Virtual Reality Goes Hyper-speed with Badgerloop

When the Badgerloop team began their quest to design and build their entry into SpaceX’s Hyperloop competition, they knew that innovation would be critical at every juncture, from the Halbach wheels to the perfectly Elon Musk-sized seating. What the team of mostly undergraduates may not have expected was that virtual reality (VR) would become a prominent component of Badgerloop.

Early in the project, a basic VR setup allowed users to view the inside of the Badgerloop pod. The feature was so popular at the initial design competition that the team committed to further VR development. To do so, they tapped the expertise of Peter Procek, who was at the time an undergraduate research assistant in the Living Environments Laboratory (LEL) at the Wisconsin Institute for Discovery.

Peter Procek
Peter Procek

Procek had been working with LEL on multiple VR initiatives using LiDAR to capture real world environments and doing the technical work needed to be able to display those environments in the CAVE. When he saw an email from Badgerloop, he jumped at the chance to get involved, at first helping with electrical and control systems before eventually becoming the Badgerloop VR team leader. “It was a great opportunity to introduce VR into an engineering project,” says Procek.

Beyond beefing up Badgerloop’s VR capabilities, Procek saw an opportunity to address three key issues. First, engaging VR experiences can be powerful marketing tools. Promoting Badgerloop (and the Hyperloop contest in general) with VR creates a potential draw for sponsors and public interest.

“They provided a really great opportunity for me to dive into VR… LEL is where I saw that you can have a viable, meaningful application of VR that goes way beyond gimmicks and gaming.”

– Peter Procek

Second, Procek views VR as having multiple meaningful applications in Badgerloop — from design, where VR can be used as an auxiliary tool to virtually prototype physical components in full scale before fabrication, to simulation, which might help alleviate some people’s uneasiness about Hyperloop technologies. “The pods that shoot down the tracks are small and people might be apprehensive about getting into one,” says Procek. VR can ease that apprehension by giving users an idea of “what it might feel like to be inside a Badgerloop pod.”
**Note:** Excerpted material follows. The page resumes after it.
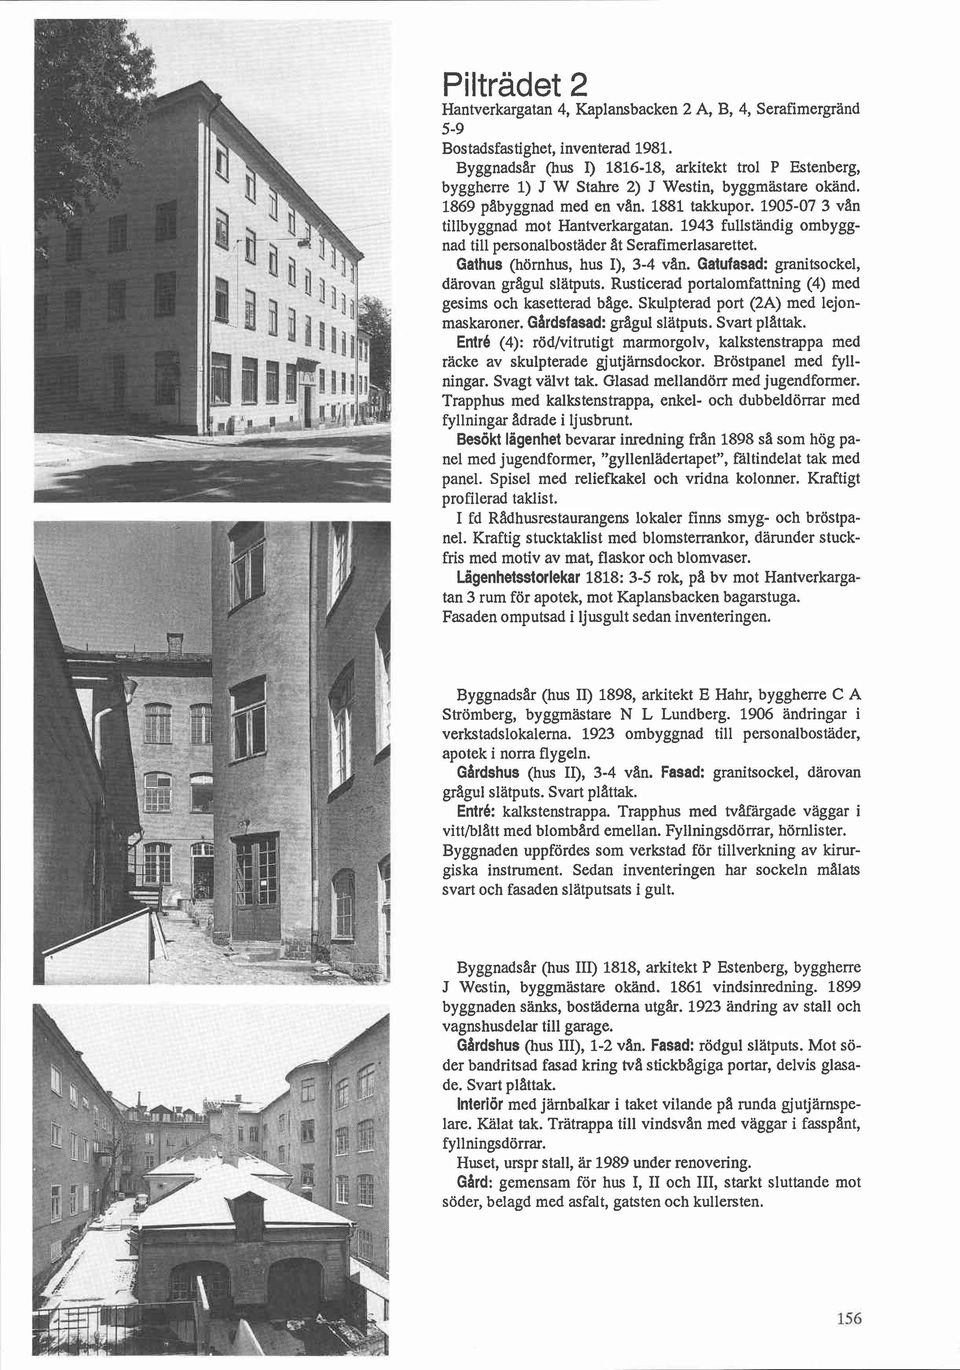 1943 fullständig ombyggnad till personalbostäder ilt Serafimerlasarettet. Gathus (hörnhus, hus I), 3-4 van. Gatufasad: granitsockel, därovan gragul slätputs.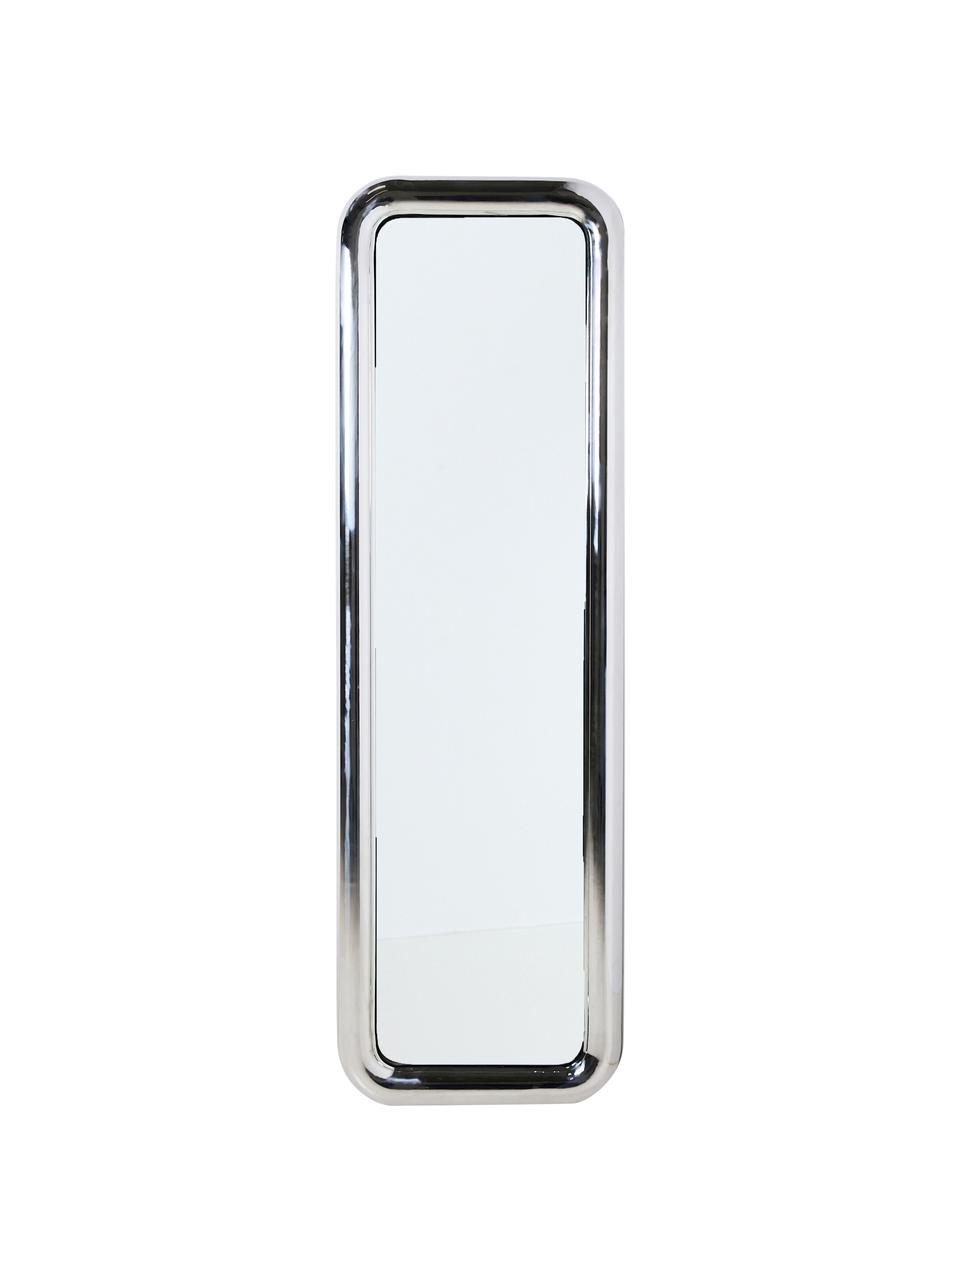 Standspiegel Chubby mit Stahlrahmen, Spiegelfläche: Spiegelglas, Rahmen: Stahl, verchromt, Chromfarben, B 53 x H 170 cm

Finally, Badgerloop has provided new opportunities for students to investigate topics in VR such as design, presence, immersion and haptics. With few relevant courses for VR-interested students available in the Computer Sciences department, Procek initially joined LEL to get hands-on VR experience and training. “They provided a really great opportunity for me to dive into VR… LEL is where I saw that you can have a viable, meaningful application of VR that goes way beyond gimmicks and gaming.”

With Badgerloop, Procek has an opening to bring more students into the fold. “We wanted to provide a platform for students to learn VR applications and to learn graphics concepts,” he says.  When Procek originally built the Badgerloop VR team, one of his first recruits was another LEL undergraduate assistant: junior computer engineering and computer sciences double-major Cale Geffre.

Cale Geffre
Cale Geffre

When the Badgerloop team visited the SpaceX headquarters in Hawthorne, California, in late January for the worldwide Hyperloop pod competition, Geffre felt very much at home displaying Badgerloop’s VR capabilities. “Working at LEL I’ve done lots of outreach events where I show off VR technology,” he says, “so it’s becoming really natural to me to do that.”

Badgerloop received one of two innovation awards at the competition, partly thanks to the VR setup that accompanied their pod. The award is something the undergraduate-led team is very proud of, and indicates that VR has a bright future for Badgerloop.

Geffre credits LEL with providing a crucial early opening that led him to Badgerloop and, perhaps someday, might lead to a career in VR or graphics: “LEL has provided me with all of these opportunities, and it’s been a nice linear process of getting involved in more projects like this. It’s been awesome.”

Procek graduated from UW-Madison in December 2016 with a degree in electrical and computer engineering, but he is not done with Badgerloop; he is still the VR team lead, developing the next phase of Badgerloop VR with big, bold ideas. “All of this has been of great interest to me,” he says, “and it’s very exciting to be a part of it.”